I have this idea that Katya’s sort of a made-up person. I don’t know a lot about her still, except that she seems to have a good handle on the 2×2 stuff—she knows how that’s affected me and can discuss it very reasonably. And she likes pink.
I think she likes pink because it’s an approved girl-colour. I think she’s trying to be an approved kind of person, and that she’s following rules about how she’s allowed to be. When you’re seven, that’s kind of all you have—the hope that maybe you can make an abuser happy and he won’t hurt you so much. And I think also Yuri liked little girls to be very feminine and, in fact, the only possible way to avoid savage abuse sometimes was to try to seem too cute and pretty and compliant to do those things to. And I think maybe we all did that—absolutely all of the girls turned on this compliant, hyper-feminine act to get out of certain kinds of savagery. I think that happened.
Sometimes it worked. Sometimes it didn’t, but a certain degree of deceptiveness had to be tried at least.
In the past, I’ve felt ashamed of that. It makes me feel like I sold my soul to the devil, and it doesn’t fit with other things I know about myself or even the way I behaved at other times, but then I remember I was seven. And I wanted to live. I wanted to live and I didn’t want to go in the freezer and I didn’t want Nata to get hurt to teach me a lesson and I didn’t want to be eviscerated.
There were johns like Yuri—men with the same kinds of sick tastes in little girls. Yuri was not really a pedophile. He was indiscriminate. He raped me. He raped girls in their 20s. Yuri liked power, and having the power to get sex from any female he chose was a great thing for him.
But there were pedophiles who were very much like him, who also wanted a girl who was very pretty and very seductive and very “girl” to violate. This created two problems with this: one is that if I weren’t those things, they would not pick me up, and then there wouldn’t be enough to bring home to Yuri and in the freezer I would go. If they did pick me up, and I disappointed in that regard, then it could end in physical violence and I was alone with them and totally helpless. They could hurt me however they wanted. Nata was not there to protect me in any way. She could screen the johns to some extent and at least provide me with the illusion that I wasn’t getting in the car with a serial killer, but it was up to me to get back to her alive. Fulfilling a man’s fantasy who was sick enough to pay for sex with a little girl was part of that.
So that is what I did.
A lot of the pain of being trafficked and of the other sexual abuse is about having to pretend I was someone I wasn’t and I wanted things I didn’t want and I felt things I didn’t feel.
I didn’t understand that before. People-pleasing is always discussed in our culture as kind of a personality trait, or maybe a personality flaw. But when I was seven, it was really the only option. Dying, at that age, isn’t even a real option. You don’t have the internal resources to overcome your innate fear of death to choose. I had those resources when I was 13, and I could start to choose, but at seven, I did not. I was acting purely on animal instincts, even if they were somewhat sophisticated instincts.
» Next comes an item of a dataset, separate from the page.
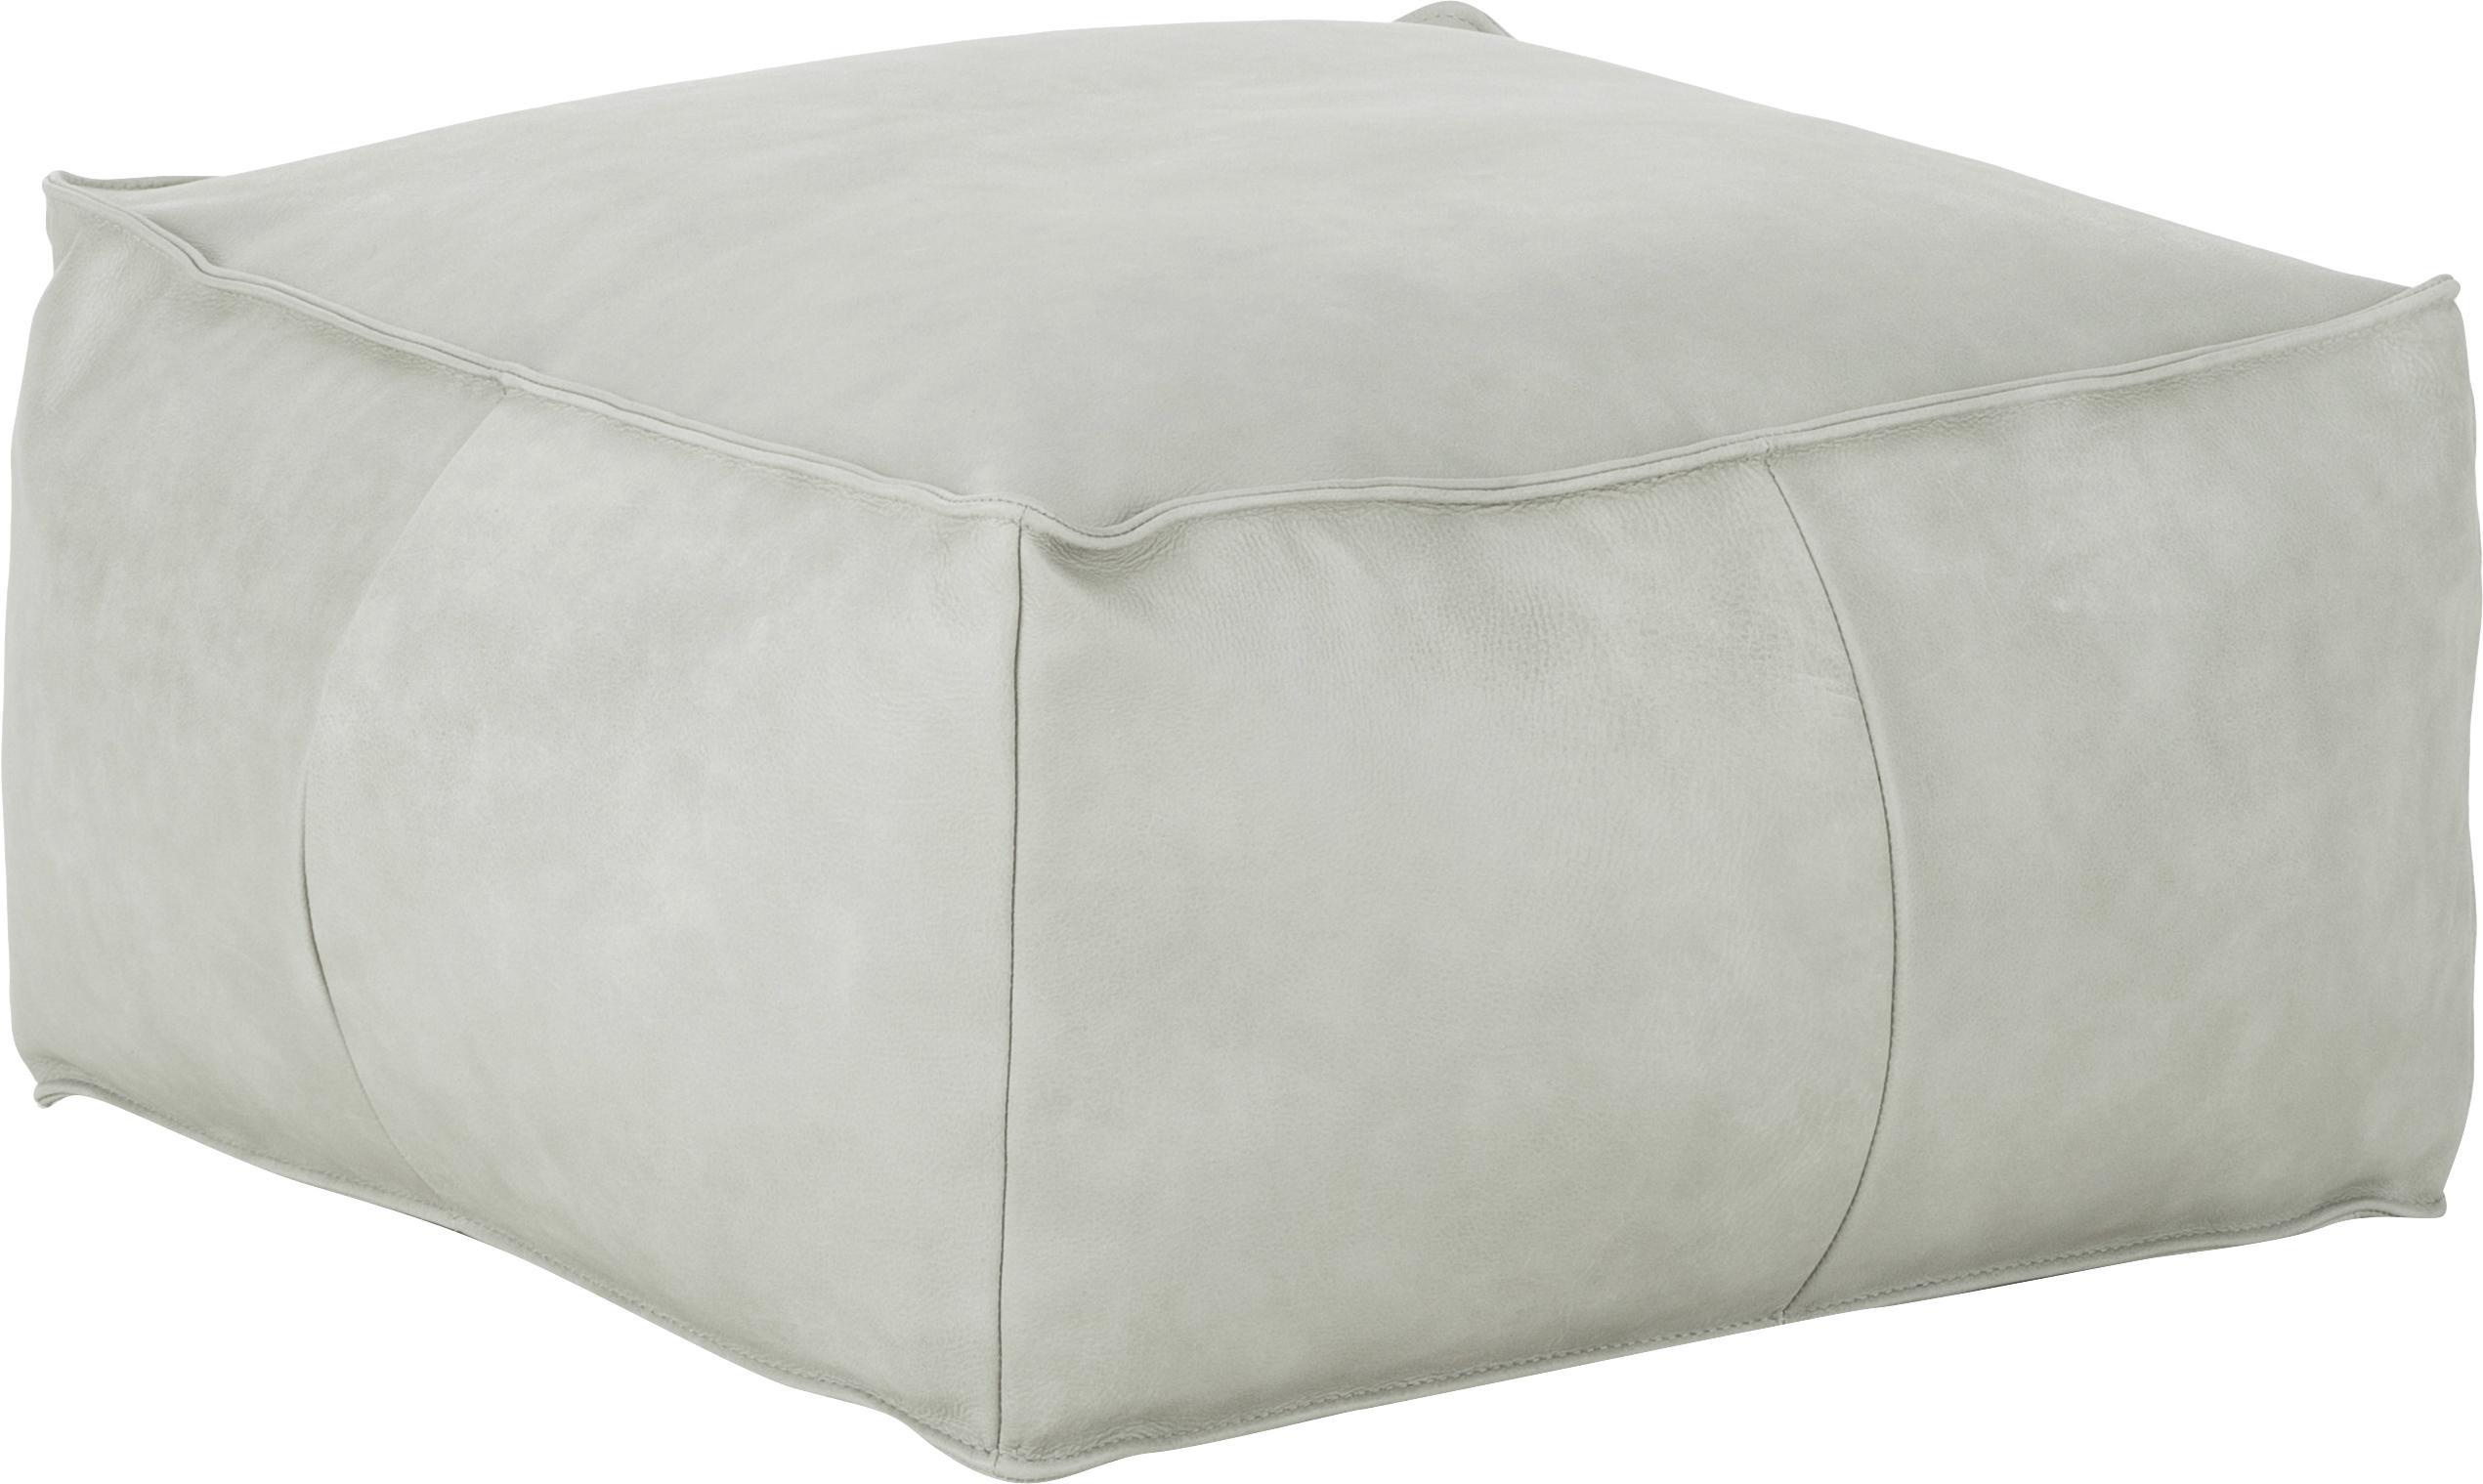 Cuscino da pavimento in pelle Porthos, Rivestimento: 100% pelle anilina, Grigio chiaro, Larg. 80 x Alt. 33 cm

Katya, you did fine. You kept us alive and now we get to go to help little kids and hopefully do some good in the world. And what you did never hurt anyone. Someone was hurting you, but you never hurt anyone. You helped us all get hurt less. You helped all the other little parts inside.
Now, you don’t have to do it anymore. All that perceptiveness about other people and what they want and need can get turned to other ends. You can stop using it to fulfill the wishes of adults and use it to meet the real needs of children. You can do all of that, too, without twisting yourself into a pretzel or pretending to be someone you aren’t.